L’Allemagne fait face à un vieillissement de la population et un manque de travailleurs qualifiés. Les entreprises se voient freinées dans leur développement à cause de cette pénurie. Les secteurs qui manquent le plus de main d’œuvre qualifiée sont les domaines de la science, des technologies, l’ingénierie, les mathématiques et la santé. À l’heure actuelle, les entreprises, surtout dans le sud et les nouveaux Länder, s’inquiètent de ce problème démographique pour leurs activités.

Transition énergétique

Le gouvernement allemand a fixé dans sa loi pour la protection du climat des objectifs de réduction des émissions carbone de 65 % d’ici 2030 et la neutralité carbone d’ici 2045. Pour atteindre ces objectifs, un ensemble de mesures de soutien dans les secteurs de l’énergie, des transports, de l’industrie, des bâtiments et de l’agriculture est engagé. Les PME dans ces industries seront soumises à de nouvelles contraintes et devront faire preuve d’innovation. Elles seront également soutenues publiquement : le ministère fédéral de l’environnement finance un projet de protection du climat du Mittelstandsverbund (association représentante des PME) avec 2 millions d’euros qui consiste à conseiller 1 000 entreprises et d’économiser 50 000 tonnes de CO2 en l’espace de deux ans.

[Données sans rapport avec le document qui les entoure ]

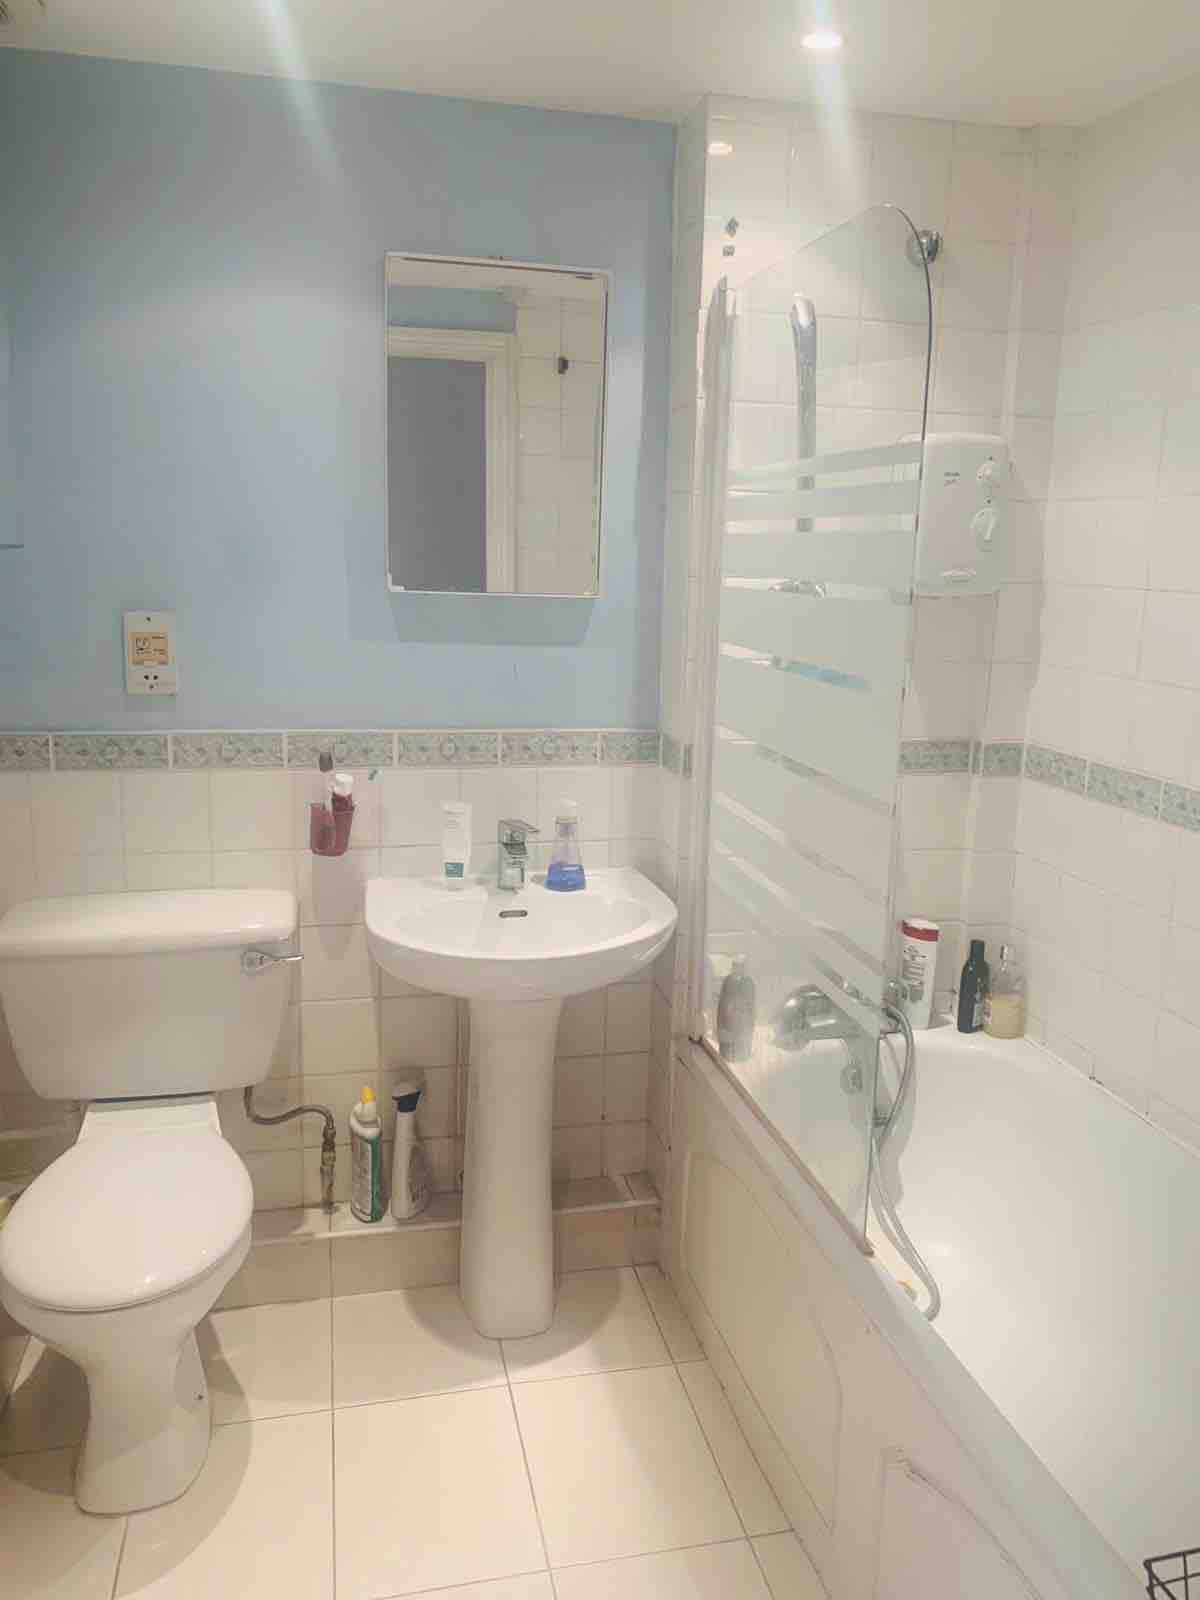 1 bed flat RoomsLocal image

En outre, selon l’association industrielle BVMW (Bundesverband mittelständische Wirtschaft), le gouvernement allemand devrait soutenir les petites et moyennes entreprises avec un fonds de 400 milliards d’euros pour la transformation vers la neutralité climatique et la numérisation. Le fonds de transformation devrait avoir un volume de 40 milliards d’euros par an pour les dix prochaines années.

Passage au numérique

De nombreuses PME allemandes ont un vrai retard à rattraper en matière de transformation numérique. Les grandes entreprises ont mieux réussi leur transformation, encore plus depuis la crise du corona. Les grandes PME de 50 employés ou plus sont mieux arrivées à intensifier leurs efforts de numérisation contrairement aux petites entreprises de moins de cinq employés durant l’année 2020.

Ce retard est dû à une peur des PME de perdre leur place sur le marché si elles concentrent leurs efforts sur la numérisation. En même temps, il s’agit pour elles d’une solution efficace pour pallier la pénurie de travailleurs qualifiés et pour assurer la transition énergétique.

« Start-upisation »

Pour que les PME puissent continuer à jouer ce rôle clé d’innovateurs, le BMWi (Bundesministeriums für Wirtschaft und Energie) les place au centre de sa politique économique. Avec sa politique en faveur des PME, le BMWi favorise un climat favorable aux entrepreneurs et met en place des incitations pour une activité entrepreneuriale réussie à long terme (campagne de création d’entreprise « GO ! » pour encourager l’esprit entrepreneurial allemand incluant également les femmes et les étrangers, ou encore le programme EXIST qui offre des bourses aux jeunes pousses dans les universités).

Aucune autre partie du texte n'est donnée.